1 Mi alma {nefesh: vida interior} está hastiada de mi vida; dejaré {e'ezvah: facultad de dejar salir} que mi lamento brote de mí; hablaré con la amargura de mi alma.
2 Me dirigiré a Dios {Eloah, Juez Soberano}: “No me declares culpable {tarshieni: declarar culpable}; hazme comprender por qué entablas juicio contra mí.”
3 ¿Te parece bueno oprimir, despreciar el esfuerzo {yegia: labor ardua} de tus manos y hacer brillar tu favor sobre el consejo {atsat: deliberado} de los malvados?
4 ¿Tienes acaso ojos de carne {basar: naturaleza humana}, o contemplas con la vista de un hombre {enosh: ser mortal}?
5 ¿Se equiparan tus {kha: posesivo divino} días con los de una persona frágil {enosh: mortal finito}, y tus años con los de un varón robusto {gaver: persona vigorosa}?
6 ¿Es para eso que tú {Dios, Juez Inquisitivo} buscas mi iniquidad {avon: culpa arraigada} y mi pecado, y que investigas?
7 Tú {YHWH, Omnisciencia} sabes que no soy impío {ersha: naturaleza malvada}; y nadie puede arrancarme de tu mano.
8 Tus {YHWH, Soberano Creador} manos {yadekha: Símbolo de Poder Creativo} me formaron y me hicieron, juntas a mi alrededor; luego me engulliste.
9 Recuerda, te ruego, que tú {Alfarero Divino} me formaste como barro {chomer: materia maleable}; ¿Y me devolverás al polvo?
10 ¿No me vertiste tú {Dios, Alfarero Celestial} como leche y me cuajaste como cuajada {gevina: sustancia sólida formada por coagulación}?
11 Tú {YHWH, Formador del Cuerpo} me has revestido con piel y carne, y me has entretejido con huesos y tendones {gidim: Conexiones Corporales}.
12 Has otorgado a mi ser vida y misericordia {chesed: bondad leal}, y tu {YHWH, Sustentador Fiel} supervisión {pekudah: supervisión atenta} ha protegido mi espíritu.
13 Pero estas cosas tú {Ocultador de Designios} las guardaste en tu corazón {levav: centro del ser}; yo supe que esto está contigo.
14 Si he pecado, tú {YHWH, Vigilante del Corazón} me has observado, y no me declararás limpio de mi iniquidad {avon: culpa moral}.

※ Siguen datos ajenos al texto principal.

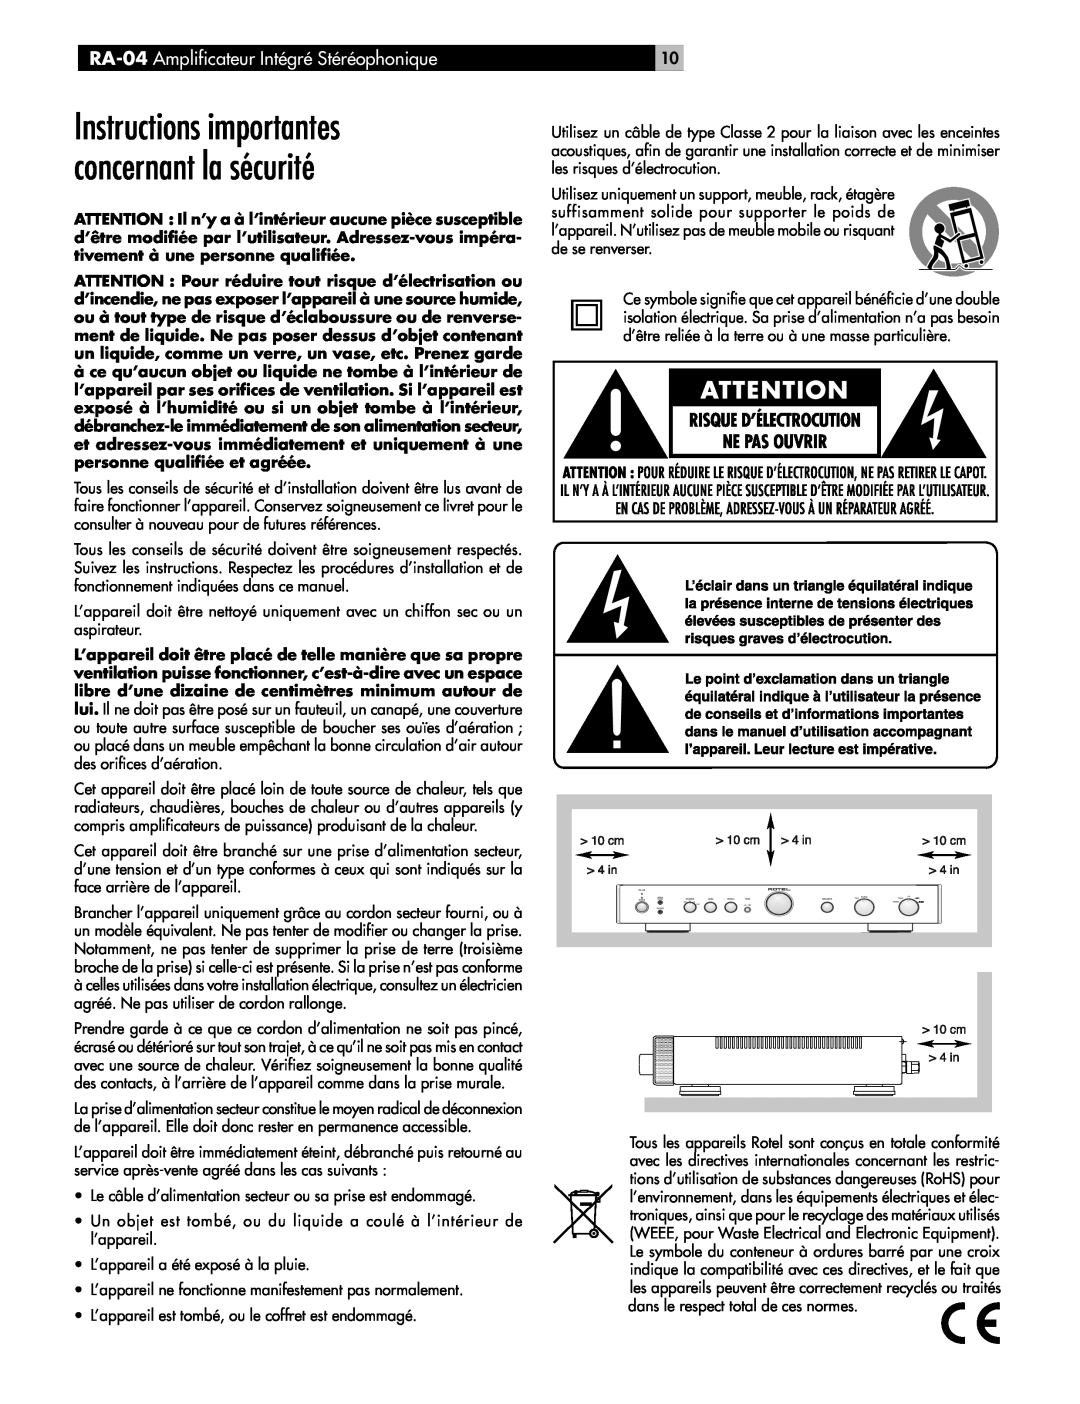 Rotel owner manual Instructions importantes concernant la sécurité, RA-04 Amplificateur Intégré Stéréophonique

15 Si he obrado malvadamente {rasha'ti: obrar injustamente}, ¡ay de mí! Y si he sido justo, no levantaré mi cabeza; estoy saciado de deshonra y mira mi aflicción {onyi: sufrimiento personal}.
16 Si alzo mi cabeza, como un león tú me acecharás {YHWH, Juez Soberano}, y volverás a obrar maravillas {titpalla-vi: realizar actos extraordinarios} contra mí.
17 Tú {YHWH, Juez Soberano} renuevas tus testigos contra mí; haces crecer tu furia sobre mí; relevos {chalifot: ciclos de tribulación} y hueste están conmigo.
18 ¿Por qué me has extraído {hotzeta-ni: acción causativa} del seno materno? ¡Ojalá expirara, y ningún ojo {ayin: órgano de visión, metáfora de testigo} llegara siquiera a verme!
19 Habría sido como si jamás hubiese existido {hayiti: existencia previa}, llevado desde el vientre hasta la tumba {laqever: sepultura}.
20 ¿No son pocos mis días? Cesa, pues, y aléjate de mí {mimmenní: de mi persona}, para que pueda animarme {avligah: dar aliento} un poco.
21 Antes de que me vaya sin retorno a la tierra de oscuridad {khoshekh: ausencia total de luz} y de sombra de muerte {tsalmawet: profunda tiniebla}.
22 Un terreno sumido en profunda oscuridad {eifatah: densa sombra}, como tinieblas y sombra de muerte {tzal-mavet: peligro mortal}, carente de todo orden, donde hasta la luz resplandece como tinieblas.